Furthermore, a rental escalation clause linked to inflation has been implemented to help mitigate costs that could affect returns for unitholders.

With tech giants like Microsoft and Alphabet investing billions in artificial intelligence, global data centre capacity is projected to double by 2030.

Keppel DC REIT has strategically concentrated on stabilised assets in supply-constrained markets, allowing its portfolio to benefit from this supply-demand imbalance.

Established entities like Keppel DC REIT can maintain high occupancy rates and favourable leasing terms.

Why Many Investors Find It Difficult to "Hold for a Decade"

Frequently, when stock prices decline, investors' instinct for loss aversion triggers panic selling.

Investors who are easily swayed by market sentiment often make impulsive decisions that undermine their long-term objectives.

Typically, those who neglect thorough research before investing struggle to maintain their positions.

Without a firm grasp of the underlying business, they lack the conviction needed to hold steady during periods of volatility.

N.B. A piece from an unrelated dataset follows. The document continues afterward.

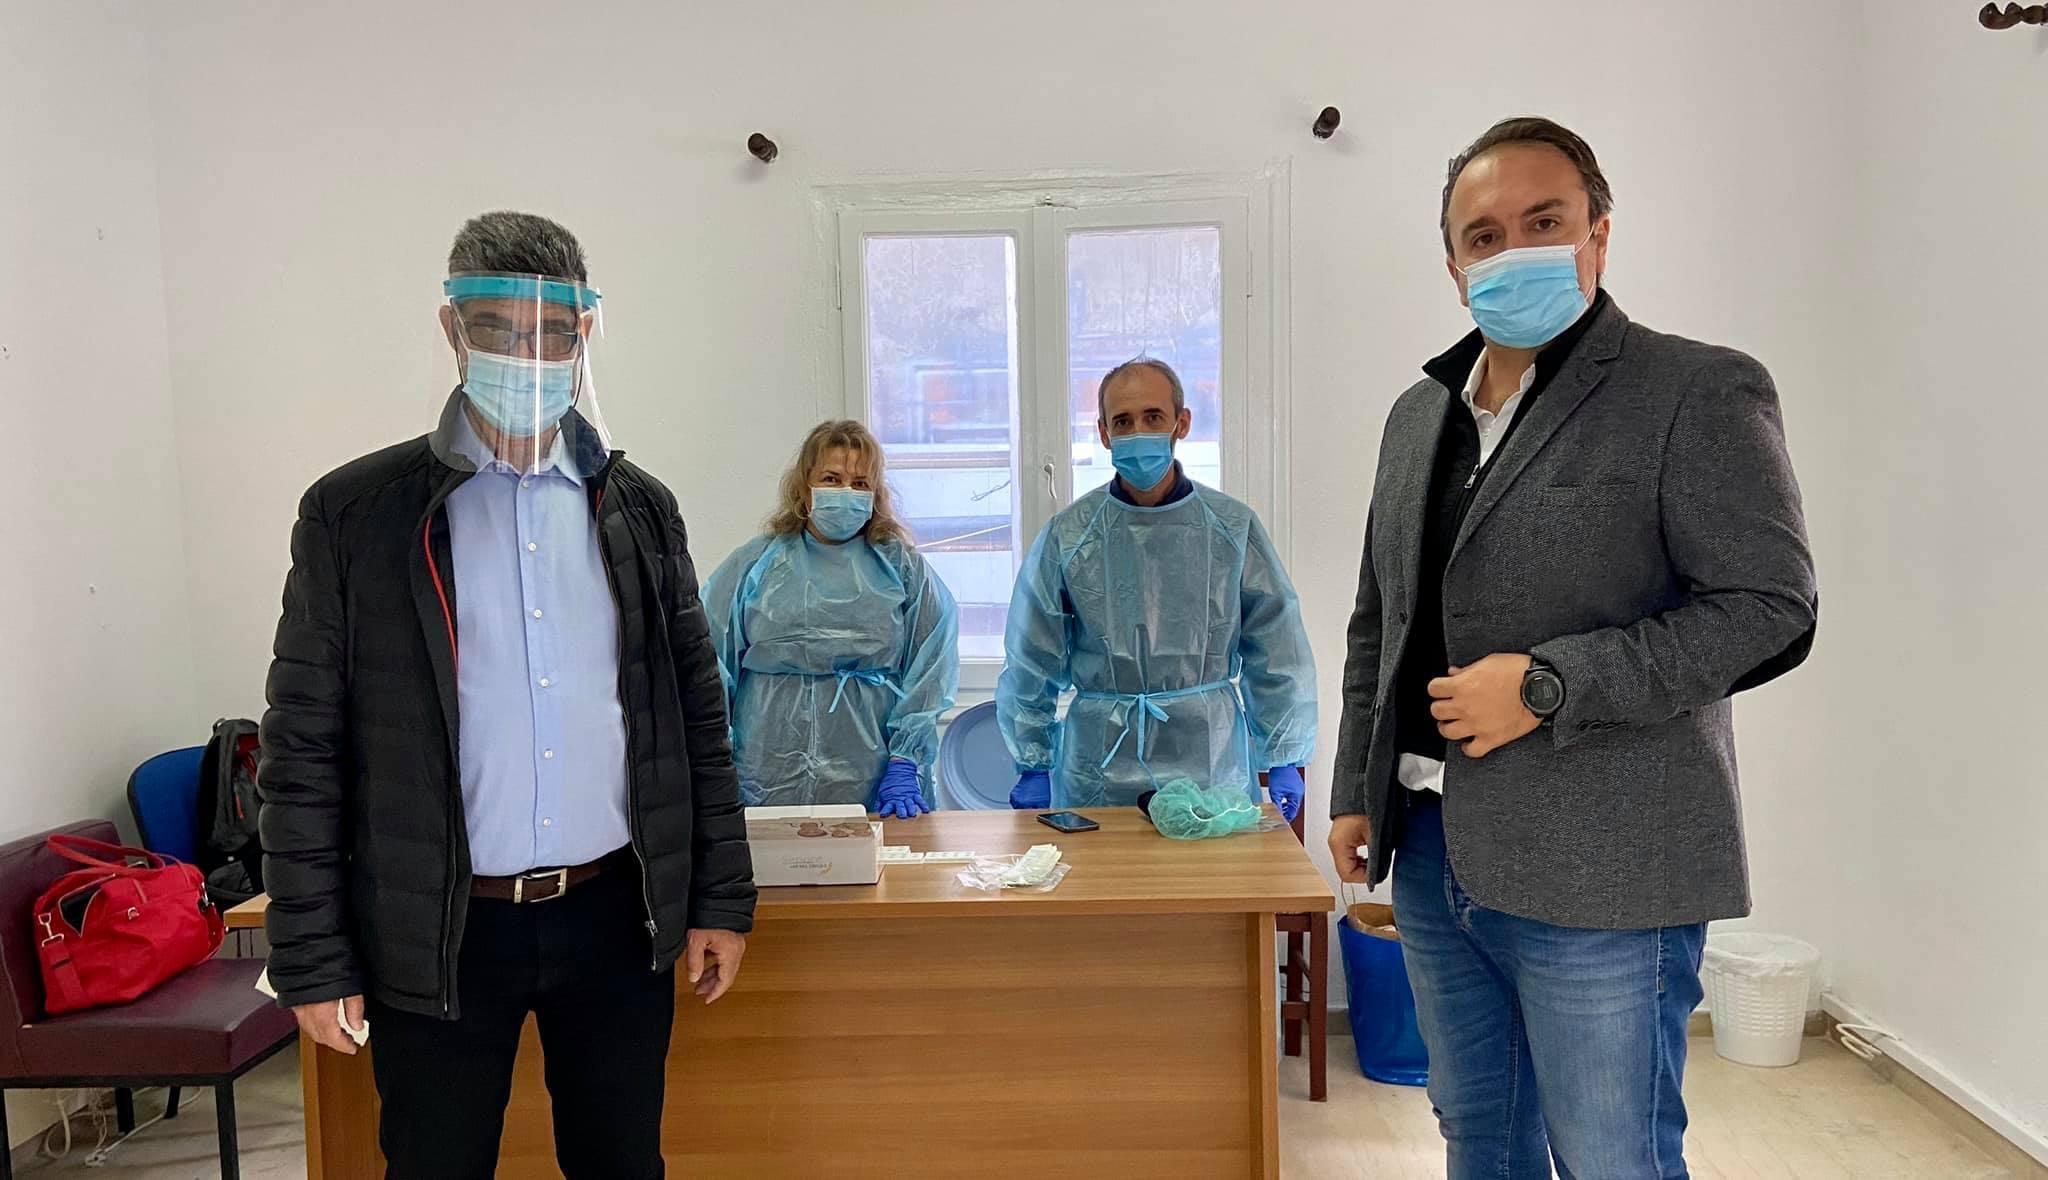 Βόρεια Εύβοια: Κλιμάκιο της ΠΣτΕ κάνει τεστ COVID λόγω κρούσματος στην  περιοχή(φωτο)
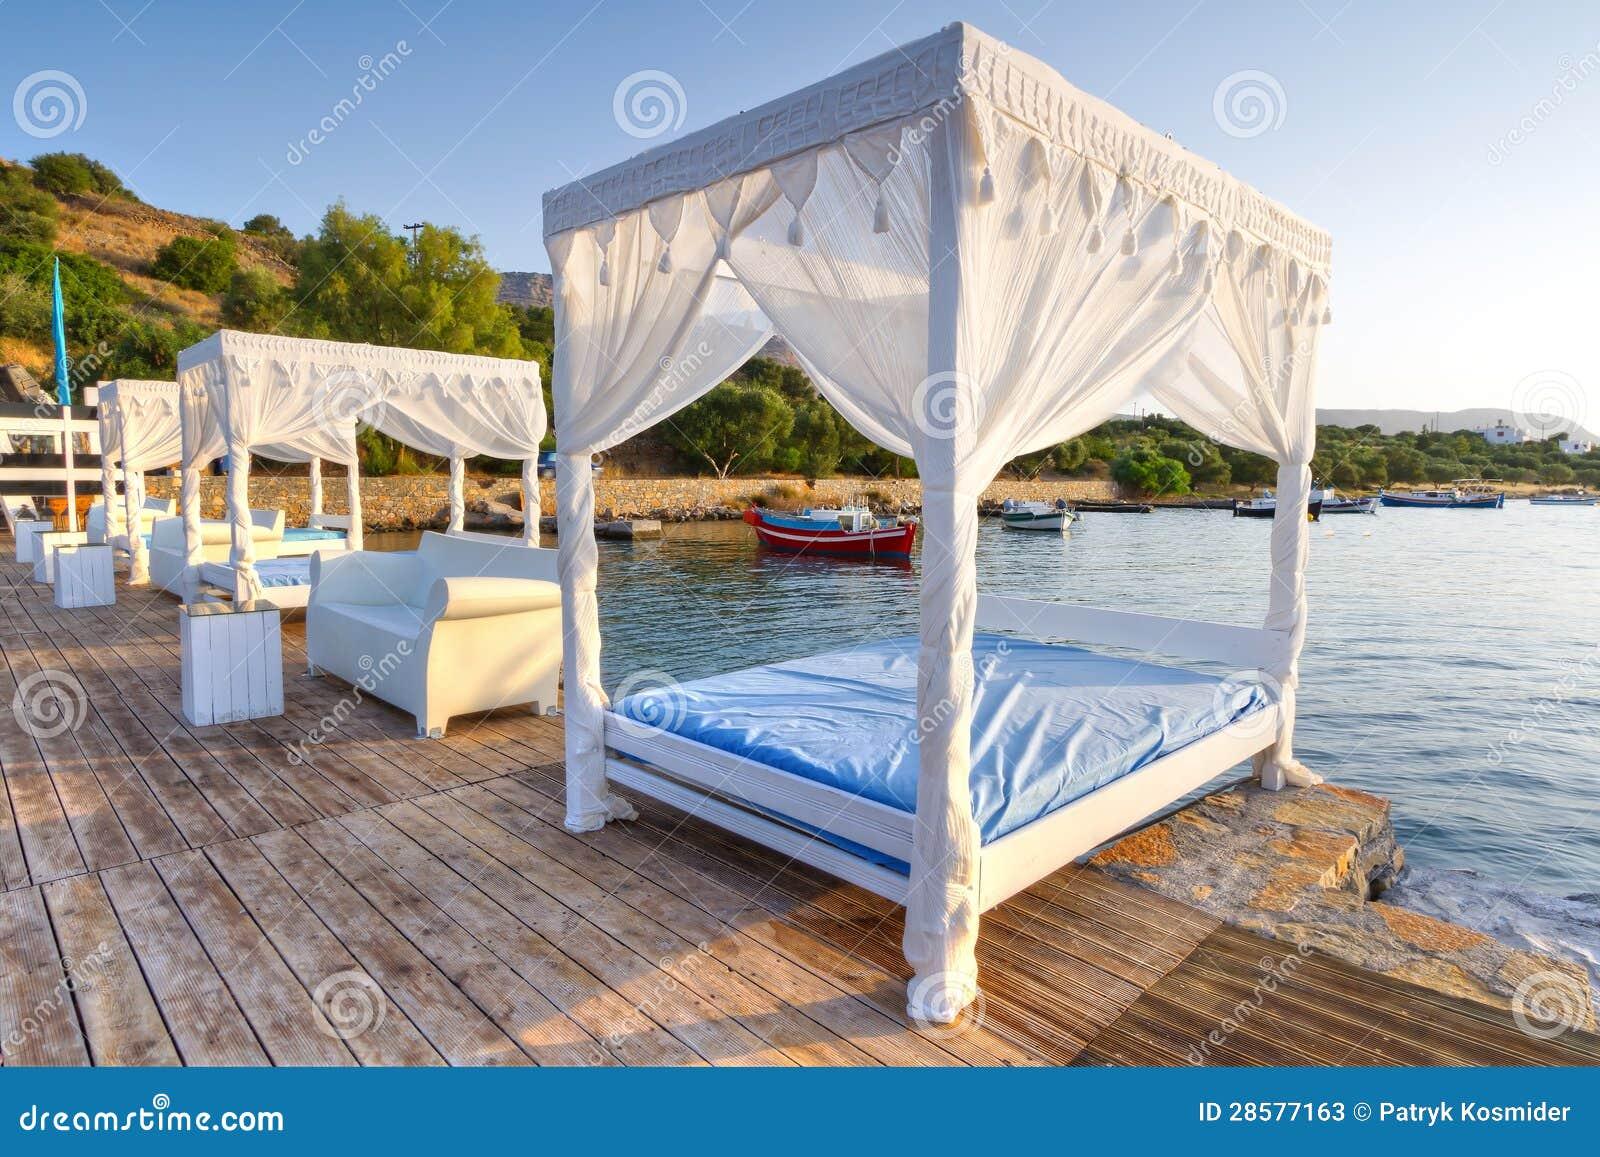 Letti bianchi sulla spiaggia pubblica di creta immagine for Letti bianchi

The secret to long-term holding is remarkably straightforward.

Simply shift your attention from daily price movements to the fundamental performance of the business.

Cease constant portfolio monitoring—you only need to review your holdings periodically, perhaps every six months, to ensure your original investment rationale remains valid.

Disclaimer: Investing carries risk. This is not financial advice. The above content should not be regarded as an offer, recommendation, or solicitation on acquiring or disposing of any financial products, any associated discussions, comments, or posts by author or other users should not be considered as such either. It is solely for general information purpose only, which does not consider your own investment objectives, financial situations or needs. TTM assumes no responsibility or warranty for the accuracy and completeness of the information, investors should do their own research and may seek professional advice before investing.